7. Learned counsel for the petitioner has also drawn our attention to a Division Bench decision of Delhi High Court rendered in
# Court on its Own Motion through Mr. Ajay Chaudhary vs. State (2010) 175 DLT 110 (DB)
8. On being asked, Mr. Tushar Mehta, learned Additional Solicitor General appearing for the Union of India, has submitted that the directions issued by the High Court of Delhi can be applied with certain modifications. Learned Additional Solicitor General has also drawn our attention to paragraph 4 of the affidavit filed in an interlocutory application in the present writ petition. The said paragraph reads as under:-
“4. That is it respectfully submitted that Central Government is supporting all the states to set up a mechanism for online filing of complaints under the protect ‘Crime & Criminal Tracking Network & Systems (CCTNS)’.”
9. Mr. Saurabh Trivedi, learned counsel appearing for the State of Uttarakhand has submitted that the First Information Report in respect of certain offences which are registered, like sexual offences and the offences registered under the Protection of Children from Sexual Offences Act, 2012 (POCSO Act), may be difficult to be put on the website.
10. Mr. Ranjan Mukherjee, Mr. Shikhar Garg, and Mr. Yusuf Khan, learned counsel appearing for the States of Meghalaya, Mizoram and Sikkim respectively, have submitted that insurgency would be a sensitive matter and, that apart, it may not be possible on the part of the said States to upload the First Information Reports within 24 hours.
11. Mr.
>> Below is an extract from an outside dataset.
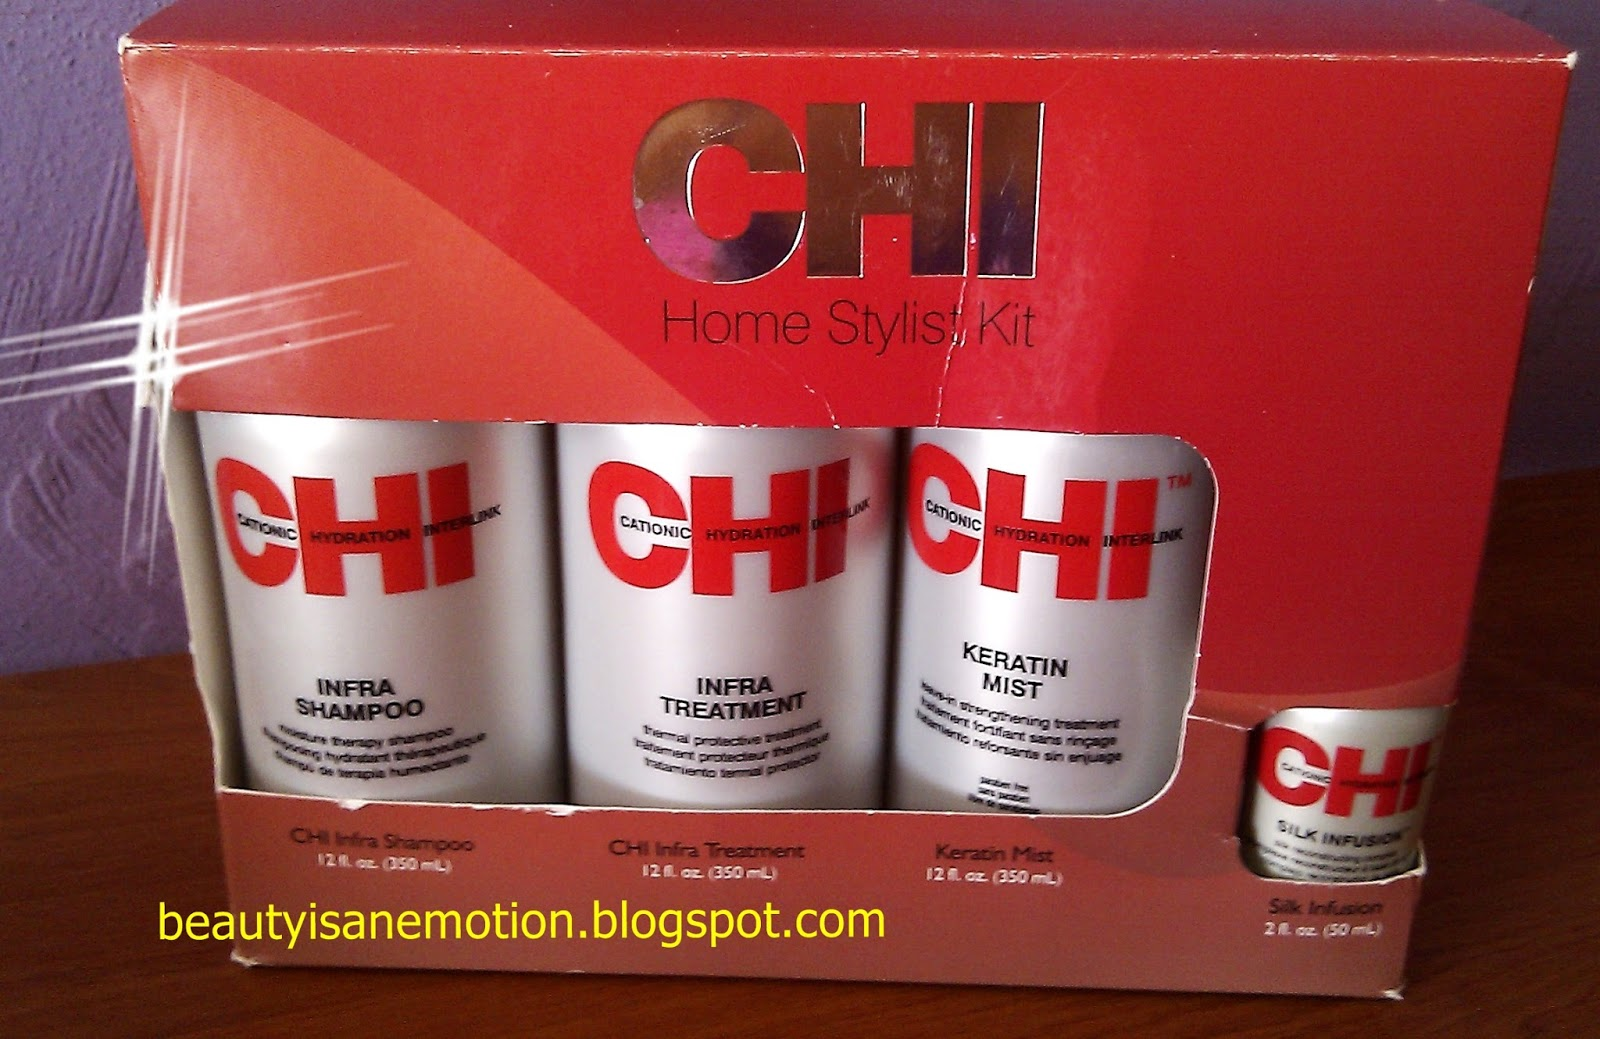 CHI Farouk θεραπεία μαλλιών review

Uddyam Mukherji, learned counsel appearing for the State of Odisha has submitted that whether a matter is sensitive or not, the Court may say no reasons should be given because the allegation in the F.I.R. shall speak for itself.
12. Having heard learned counsel for the parties, we think it appropriate to record the requisite conclusions and, thereafter, proceed to issue the directions:-
(a) An accused is entitled to get a copy of the First Information Report at an earlier stage than as prescribed under Section 207 of the Cr.P.C.
(b) An accused who has reasons to suspect that he has been roped in a criminal case and his name may be finding place in a First Information Report can submit an application through his representative/agent/parokar for grant of a certified copy before the concerned police officer or to the Superintendent of Police on payment of such fee which is payable for obtaining such a copy from the Court. On such application being made, the copy shall be supplied within twenty-four hours.
(c) Once the First Information Report is forwarded by the police station to the concerned Magistrate or any Special Judge, on an application being filed for certified copy on behalf of the accused, the same shall be given by the Court concerned within two working days. The aforesaid direction has nothing to do with the statutory mandate inhered under Section 207 of the Cr.P.C.
(d) The copies of the FIRs, unless the offence is sensitive in nature, like sexual offences, offences pertaining to insurgency, terrorism and of that category, offences under POCSO Act and such other offences, should be uploaded on the police website, and if there is no such website, on the official website of the State Government, within twenty-four hours of the registration of the First Information Report so that the accused or any person connected with the same can download the FIR and file appropriate application before the Court as per law for redressal of his grievances. It may be clarified here that in case there is connectivity problems due to geographical location or there is some other unavoidable difficulty, the time can be extended up to forty-eight hours. The said 48 hours can be extended maximum up to 72 hours and it is only relatable to connectivity problems due to geographical location.
(e) The decision not to upload the copy of the FIR on the website shall not be taken by an officer below the rank of Deputy Superintendent of Police or any person holding equivalent post. In case, the States where District Magistrate has a role, he may also assume the said authority. A decision taken by the concerned police officer or the District Magistrate shall be duly communicated to the concerned jurisdictional Magistrate.
(f) The word ‘sensitive’ apart from the other aspects which may be thought of being sensitive by the competent authority as stated hereinbefore would also include concept of privacy regard being had to the nature of the FIR. The examples given with regard to the sensitive cases are absolutely illustrative and are not exhaustive.
(g) If an FIR is not uploaded, needless to say, it shall not enure per se a ground to obtain the benefit under Section 438 of the Cr.P.C.
(h) In case a copy of the FIR is not provided on the ground of sensitive nature of the case, a person grieved by the said action, after disclosing his identity, can submit a representation to the Superintendent of Police or any person holding the equivalent post in the State. The Superintendent of Police shall constitute a committee of three officers which shall deal with the said grievance. As far as the Metropolitan cities are concerned, where Commissioner is there, if a representation is submitted to the Commissioner of Police who shall constitute a committee of three officers. The committee so constituted shall deal with the grievance within three days from the date of receipt of the representation and communicate it to the grieved person.
(i) The competent authority referred to hereinabove shall constitute the committee, as directed herein-above, within eight weeks from today.
(j) In cases wherein decisions have been taken not to give copies of the FIR regard being had to the sensitive nature of the case, it will be open to the accused/his authorized representative/parokar to file an application for grant of certified copy before the Court to which the FIR has been sent and the same shall be provided in quite promptitude by the concerned Court not beyond three days of the submission of the application.
(k) The directions for uploading of FIR in the website of all the States shall be given effect from 15th November, 2016.
13. Let a copy of this order be sent to all the Home Secretaries and the Director Generals of Police of the States concerned.
14. The writ petition is, accordingly, disposed of.